:: Data shown
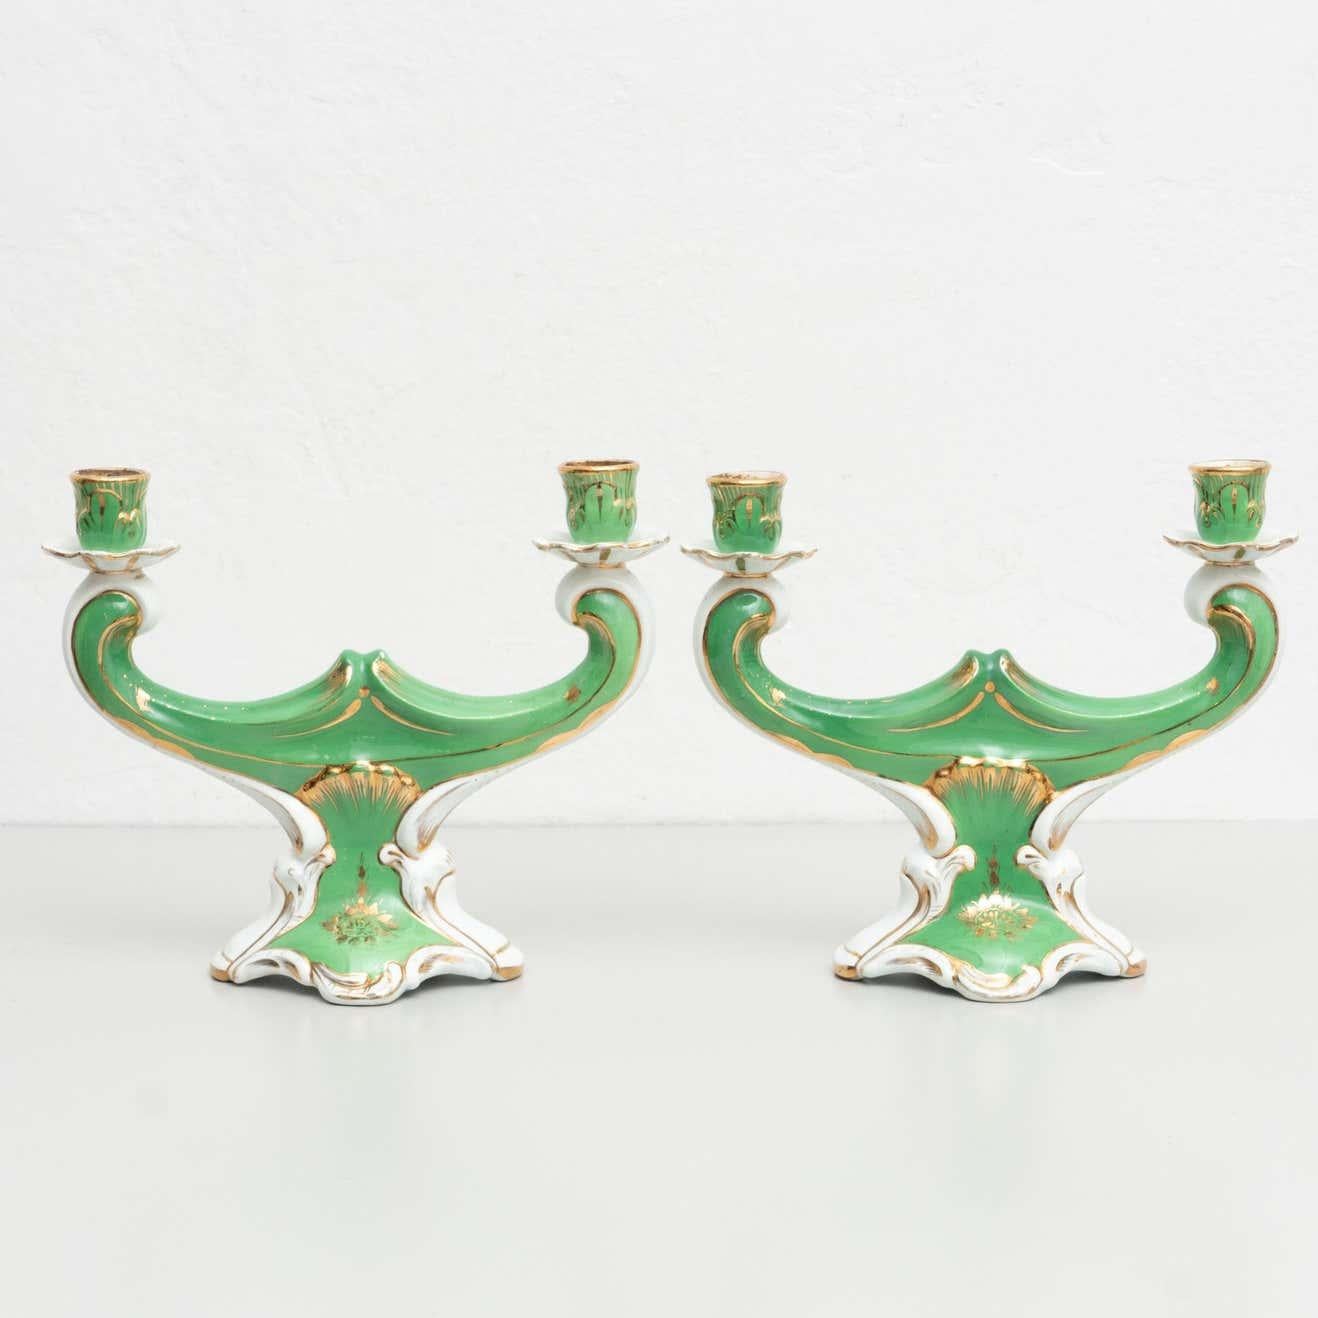 Hand-Painted Set of 2 Hand Painted Ceramic Candle Holders, circa 1930
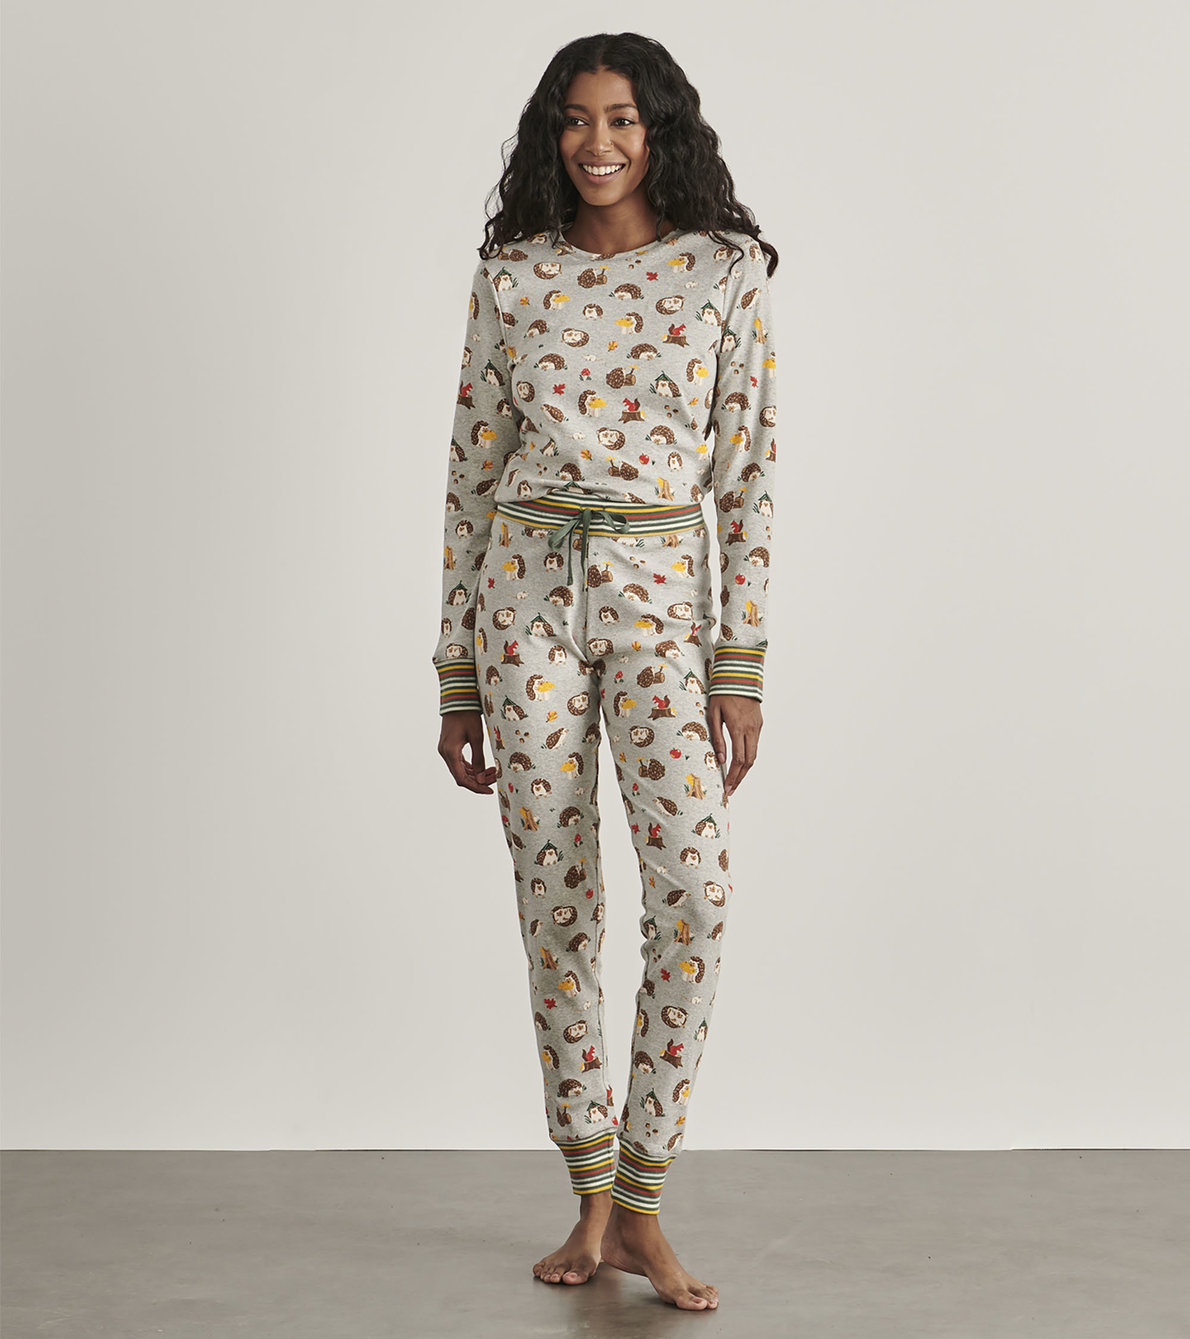 View larger image of Forest Creatures Women's Organic Cotton Pajama Set
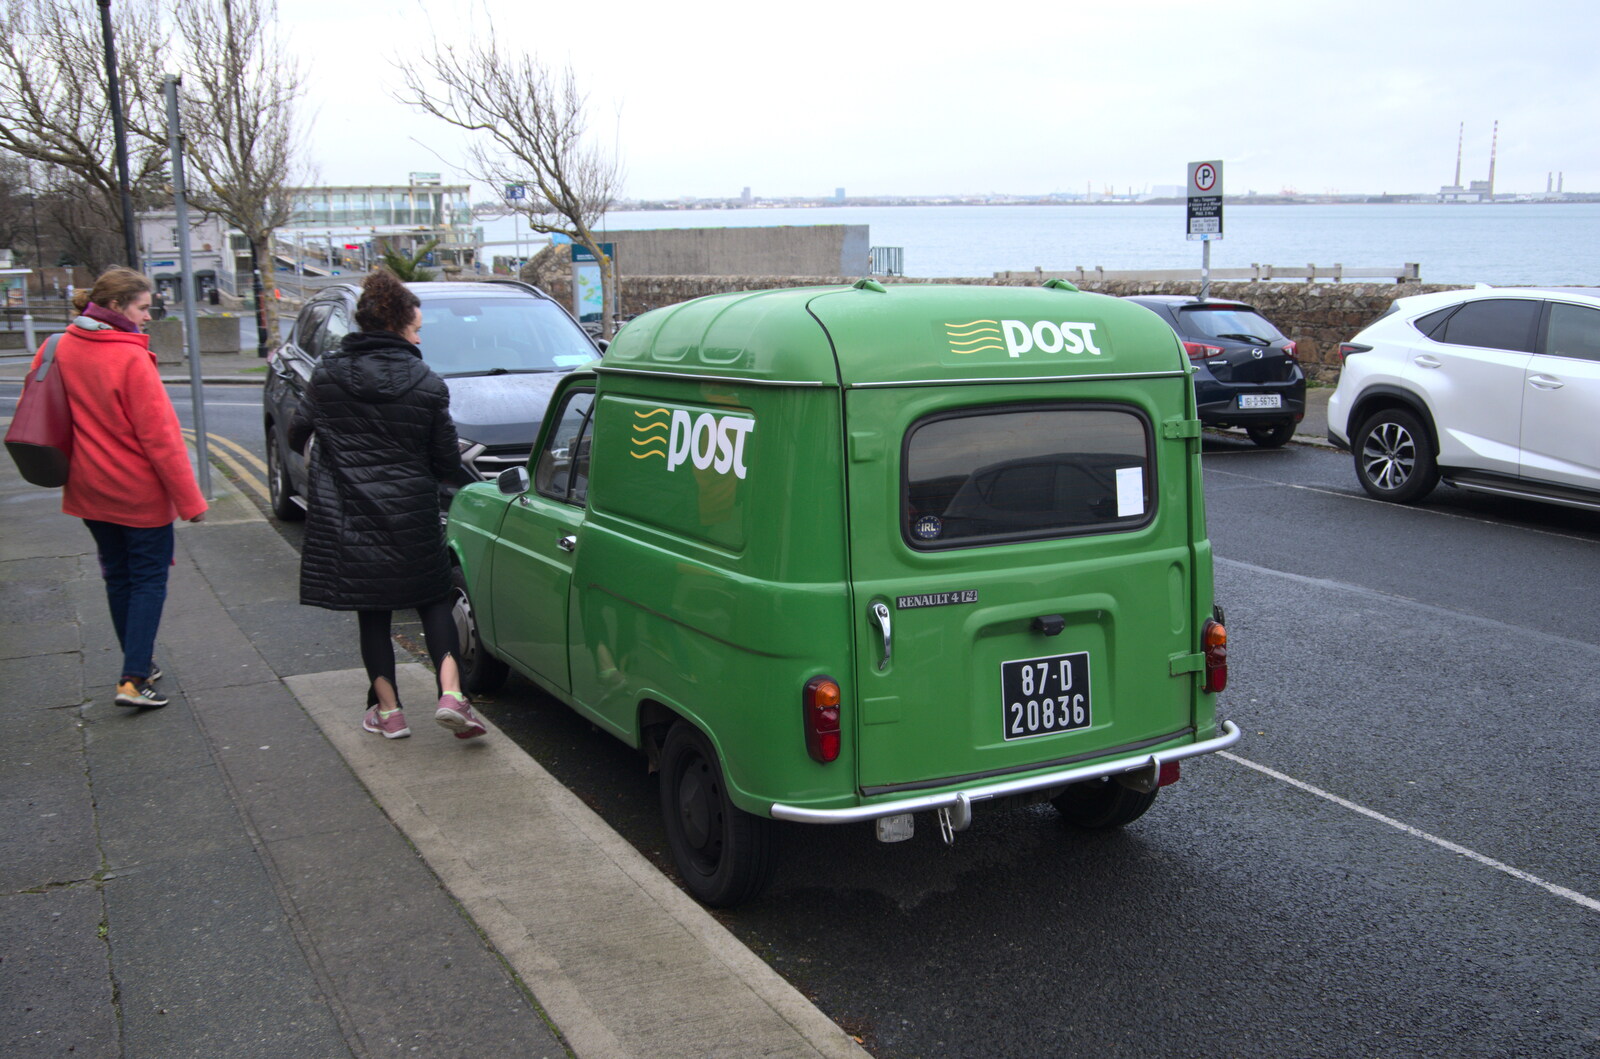 The End of the Breffni, Blackrock, Dublin - 18th February 2023: A cool 1987 Renault 4 post van on Idrone Terrace
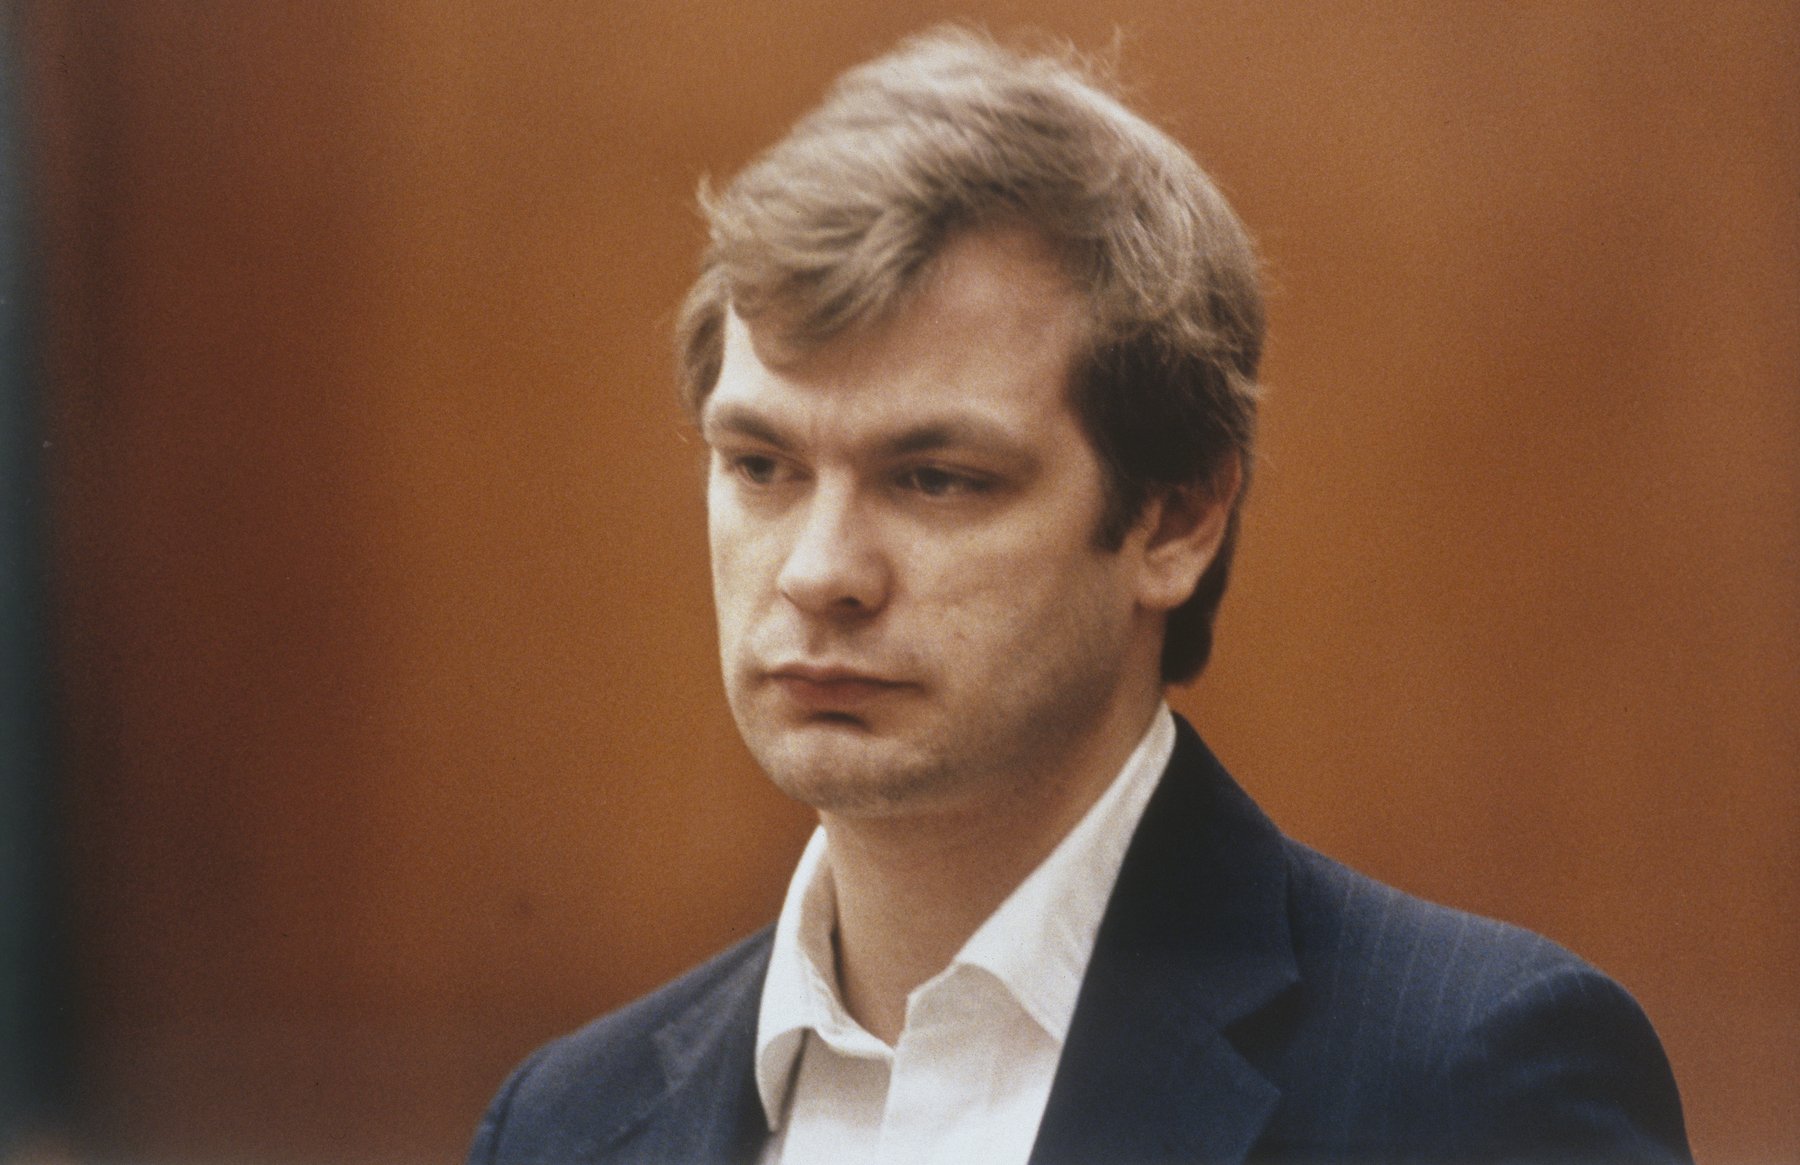 Jeffrey Dahmer, whose glasses are for sale, on a brown background.
::::
◆ Task directions
Print every line of the material exactly as written, but drop the pictures.

◆ Answer below
 Hand-Painted Set of 2 Hand Painted Ceramic Candle Holders, circa 1930
 View larger image of Forest Creatures Women's Organic Cotton Pajama Set
 The End of the Breffni, Blackrock, Dublin - 18th February 2023: A cool 1987 Renault 4 post van on Idrone Terrace
 Jeffrey Dahmer, whose glasses are for sale, on a brown background.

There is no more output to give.